Tapani Pälli tapani.palli at intel.com
Wed Jan 20 03:02:37 PST 2016


On 01/20/2016 12:45 PM, Ilia Mirkin wrote:
> On Wed, Jan 20, 2016 at 4:44 AM, Tapani Pälli <tapani.palli at intel.com> wrote:
>> On 01/20/2016 11:31 AM, Ilia Mirkin wrote:
>>> On Wed, Jan 20, 2016 at 4:22 AM, Tapani Pälli <tapani.palli at intel.com>
>>> wrote:
>>>> On 01/20/2016 11:16 AM, Ilia Mirkin wrote:
>>>>> On Wed, Jan 20, 2016 at 4:09 AM, Tapani Pälli <tapani.palli at intel.com>
>>>>> wrote:
>>>>>> On 01/20/2016 10:26 AM, Ilia Mirkin wrote:
>>>>>>> On Tue, Jan 19, 2016 at 6:35 AM, Tapani Pälli <tapani.palli at intel.com>
>>>>>>> wrote:
>>>>>>>> On 01/19/2016 01:14 PM, Ilia Mirkin wrote:
>>>>>>>>> The data structure is a (memory) heap... there appears to be one in
>>>>>>>>> mesa/main/mm.h. There's also one in nouveau_heap.h which is quite
>>>>>>>>> simple and totally unreliant on nouveau, just happens to be there.
>>>>>>>>> How
>>>>>>>>> hard would it be to integrate something like that?
>>>>>>>>>
>>>>>>>>> The trouble with adding slow things is that you forget about them,
>>>>>>>>> and
>>>>>>>>> they're not _that_ slow, but this stuff adds up.
>>>>>>>>
>>>>>>>> The solution I had in mind is to build a list of empty slots when
>>>>>>>> allocating
>>>>>>>> remaptable or while finding slots (keep pushing unused empty slots to
>>>>>>>> list)
>>>>>>>> ... but if possible I would prefer optimization later. First of all,
>>>>>>>> this
>>>>>>>> is
>>>>>>>> quite exotic path to hit with a real program (last words ... yes
>>>>>>>> yes).
>>>>>>>> Secondly, and more importantly, we can apply for certification
>>>>>>>> sooner,
>>>>>>>> there
>>>>>>>> are very few failures left.
>>>>>>> I see you pushed this patch without concluding this discussion.
>>>>>>> Certification may be something that you (personally, as a company,
>>>>>>> whatever) are striving for, but that doesn't mean that you get to
>>>>>>> ignore reviewer feedback.
>>>>>>
>>>>>> I'm sorry if you have that impression but I'm not ignoring review
>>>>>> feedback.
>>>>>> I agree that the find function is not 'optimal' and have planned how to
>>>>>> optimize it and I'm happy with any changes if someone wants to optimize
>>>>>> and
>>>>>> refactor it instead.
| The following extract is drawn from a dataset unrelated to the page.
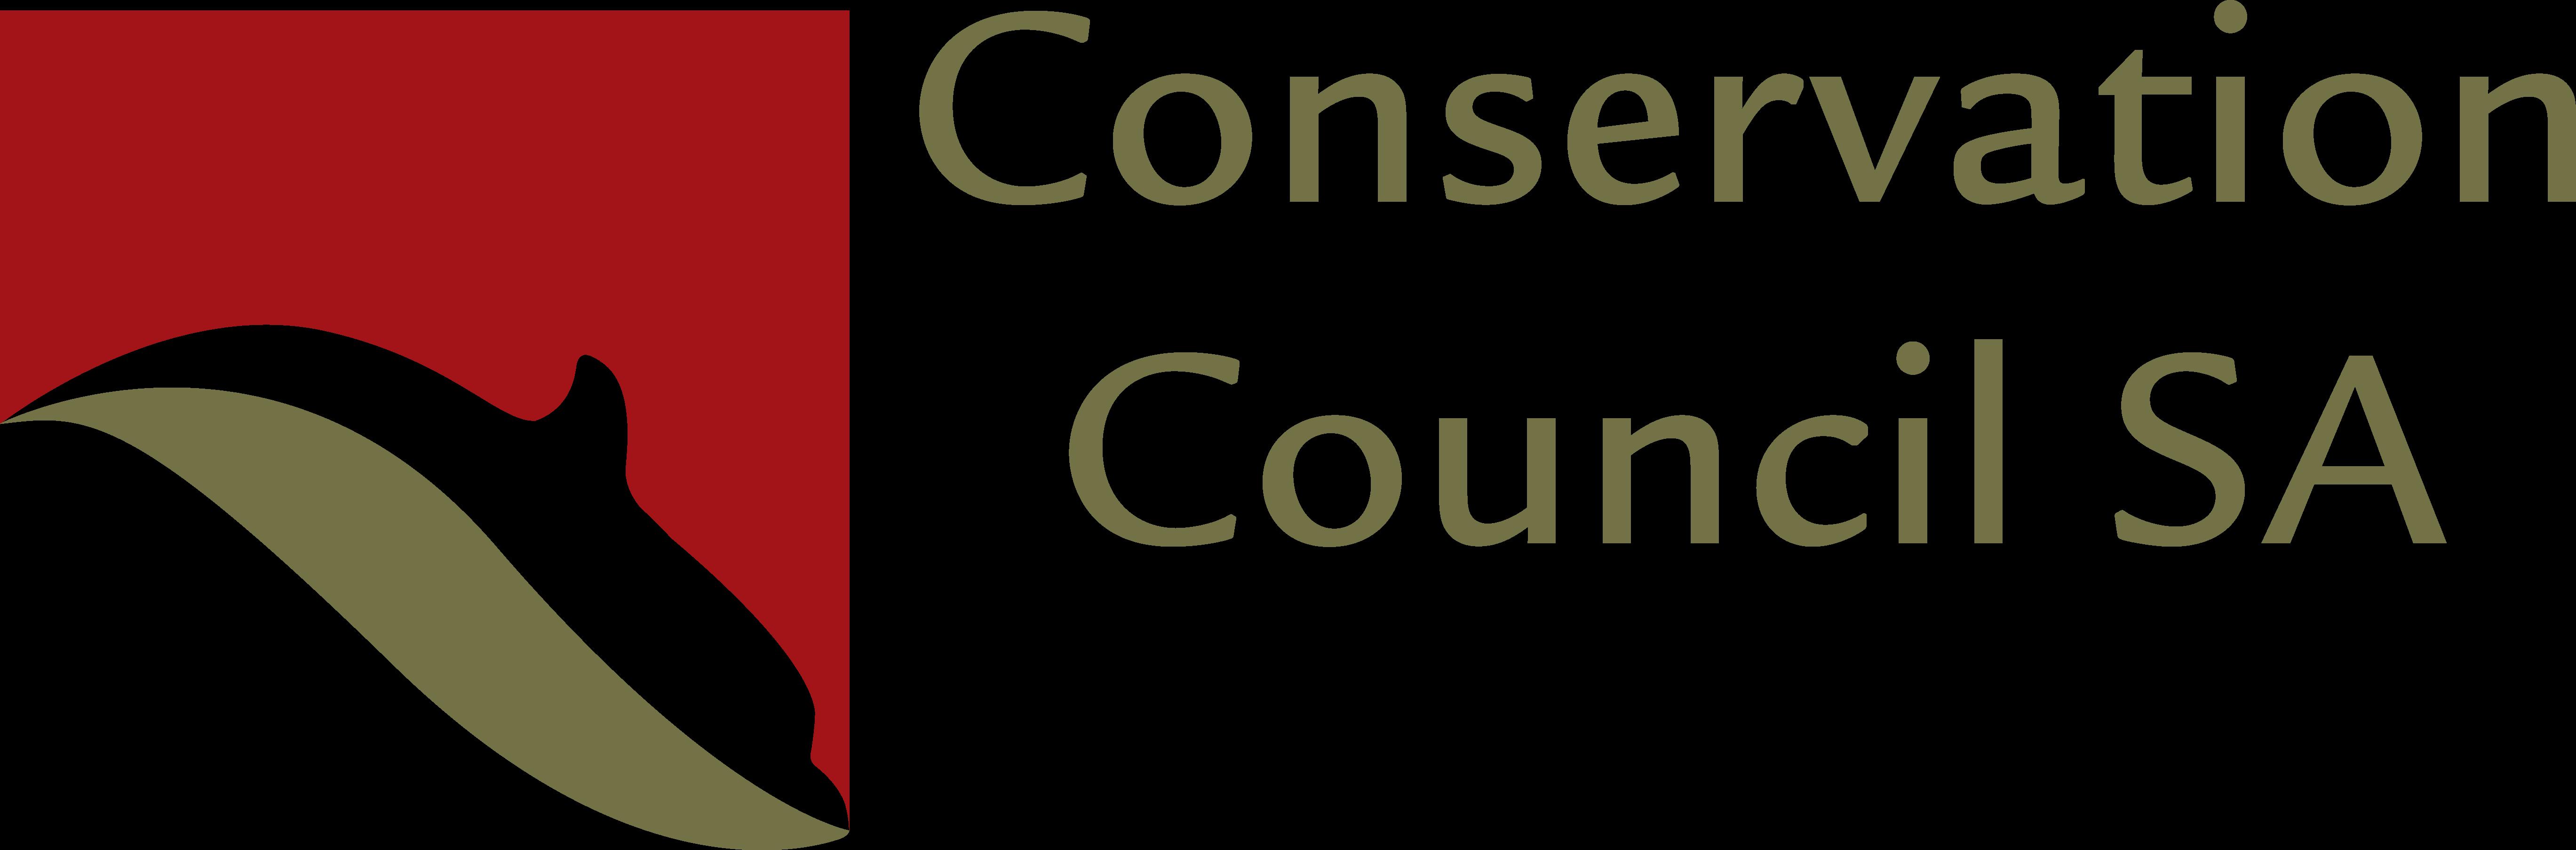 Conservation SA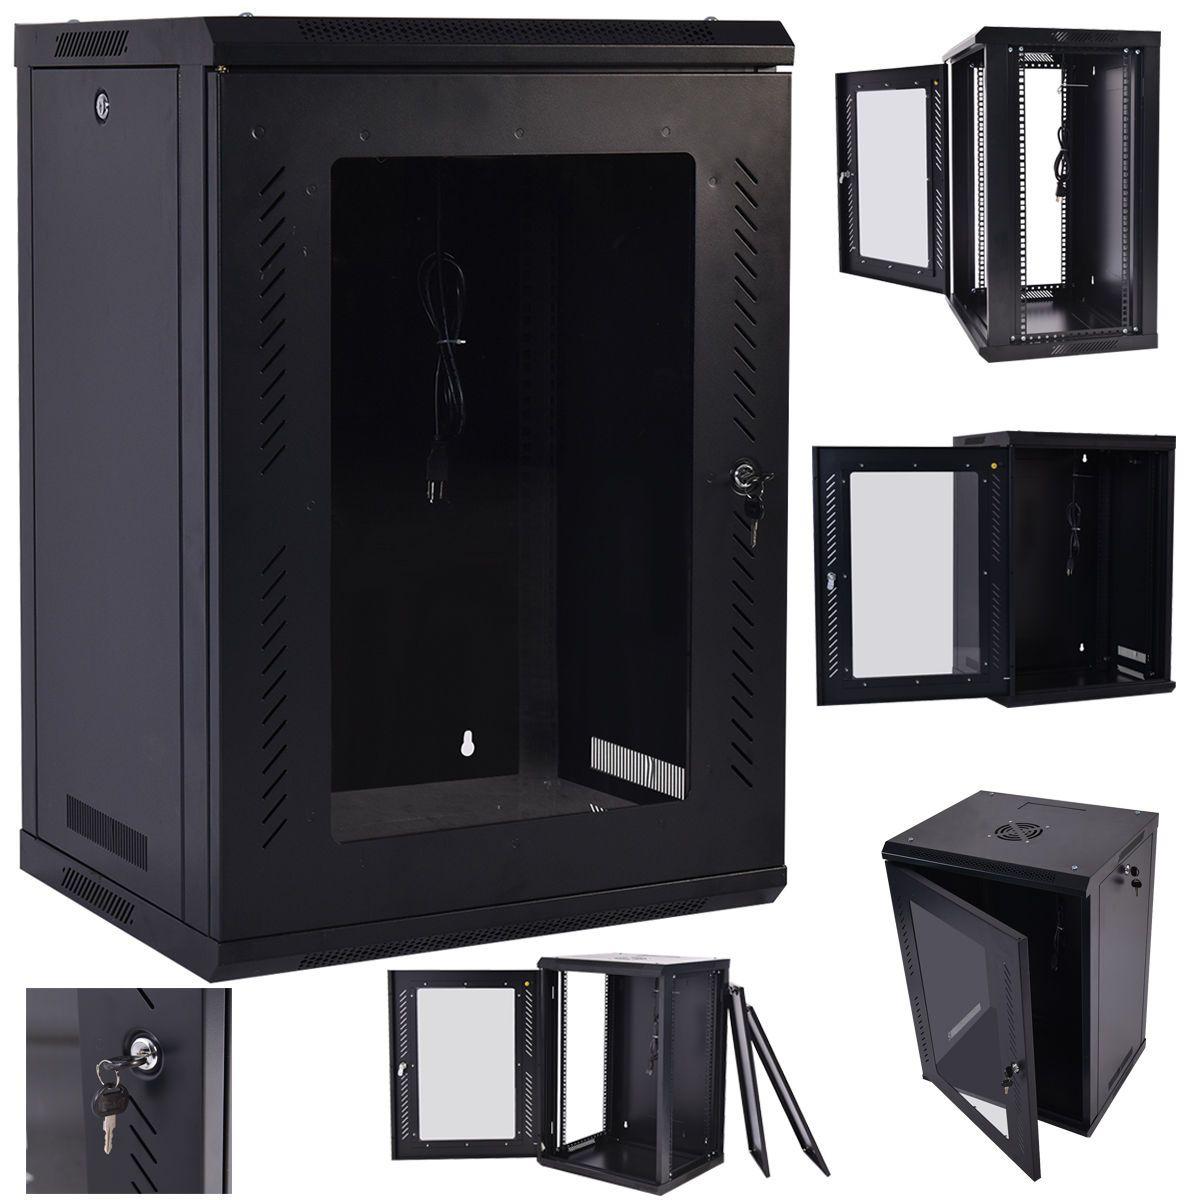 18u Wall Mount Network Server Data Cabinet Enclosure Rack Glass Door Lock W Fan Common Shopping Data Cabinet Update Cabinets Unique Kitchen Backsplash

However, I've noticed this to be not a bottleneck
>>>>>> and
>>>>>> cold path so because of the schedule I'm asking to do this later.
>>>>>>
>>>>>>> Perhaps in the end you're actually right, I don't know, but we
>>>>>>> certainly didn't agree on anything. I'm inclined to push out a revert
>>>>>>> while this is being sorted out.
>>>>>>
>>>>>> I'm surprised to see this as such a big deal.
>>>>>>
>>>>>> // Tapani
>>>>>>
>>>>> The big deal is pushing the patch before concluding the discussion.
>>>>>
>>>>> Getting back to the matter at hand, what's the absolute worst case
>>>>> here? How big does the UniformRemapTable get? How many times can this
>>>>> function get called?
>>>>
>>>> As example with Intel Haswell we have max as 98304, this is the biggest
>>>> size
>>>> with HSW.
>>>>
>>>> This function gets called only if the remaptable has 'holes' in it,
>>>> meaning
>>>> that explicit uniforms locations get scattered in this available space, I
>>>> consider this very rare for anyone or some engine to do. It could only
>>>> really happen if you use both explicit locations (non continuous
>>>> locations)
>>>> and implicit locations together.
>>> So... what's the worst case? What would that test look like? How long
>>> would it take to execute?
>>
>> A shader that has max amount of uniforms possible. They need to be invidual
>> (not arrays or structs), declare half of them with explicit location so that
>> they fill every other location (leaving as much holes as possible), this
>> should be the worst case.
> I played around a bunch with this. I couldn't trigger the badness, and
> then I realized it's because you have a bug: You need to use "j - i <
> entries", otherwise you end up picking the wrong location.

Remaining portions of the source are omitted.